Bien sûr ! Pourquoi pas ?
« Oh là là ! Ça doit être une météorite tombée du ciel par accident. On va avoir de gros ennuis. Espèce d'idiot, pourquoi tu ne l'as pas dit plus tôt ? »
« Tu m'as clairement dit de ne pas le dire hier », dit Su Wu, d'un ton vexé. « Quel genre de catastrophe se profile à l'horizon ? »
Bien sûr que je connais cette histoire, mais je vais faire semblant d'être une voyante pour l'instant. « Je peux prédire l'avenir, vous savez ? Cette affaire est extrêmement malheureuse ; elle sera forcément révélée. »
« Qu'est-ce qui a été révélé ? » demanda Xiao Yuan en apparaissant.
« Xiaoyuan, te revoilà enfin ! Tu es allée aux toilettes ? Tu t'es lavé les mains ? Vite, fais tes valises et pars d'ici immédiatement. »
"Pourquoi?"
Ne me demandez pas pourquoi. Faites-moi confiance.
Mais je ne vous crois pas !
« Oh non, il n'y a pas de temps ! Allons-y ! » J'ai attrapé Xiaoyuan et Suwu et j'ai couru…
Une agitation éclata à l'extérieur de la tente, et plusieurs soldats huns accoururent.
«
Est-ce que ça a été découvert si vite
?
» me suis-je demandé.
"Hé ! Vous autres, ne partez pas !" cria férocement le chef des soldats Xiongnu.
"Courir!"...
Les soldats Xiongnu étaient à leurs trousses. « Attrapez-les ! »

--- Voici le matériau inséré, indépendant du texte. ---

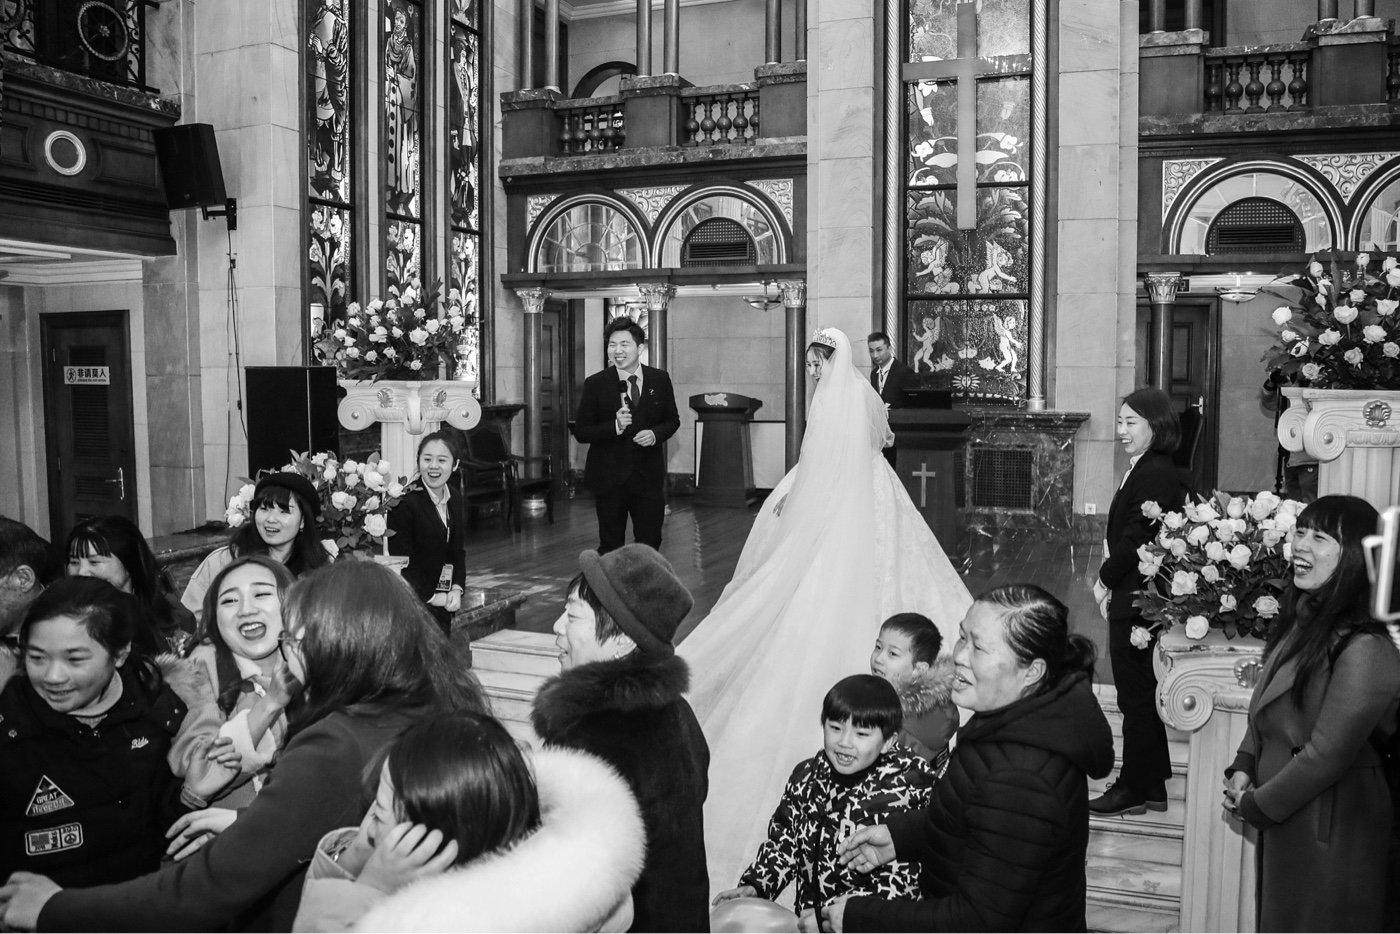 「Fantasy Wedding」&明珠教堂⛪3

Nous avons couru jusqu'à l'enclos des chevaux. Xiaoyuan m'a demandé : « Quel est le cheval le plus laid à tes yeux ? »
« Hein ? » dis-je en désignant un cheval gris sale, perplexe.
Xiao Yuan monta aussitôt sur le cheval gris : « Allez, monte ! Cette fois, j'ai choisi le cheval le plus laid que tu trouves, tu n'as plus d'objections, n'est-ce pas ? »
Waouh ! Taille fine, ça fait longtemps ! Au moment où j'allais monter, plusieurs soldats huns sont apparus soudainement et ont saisi la tête du cheval.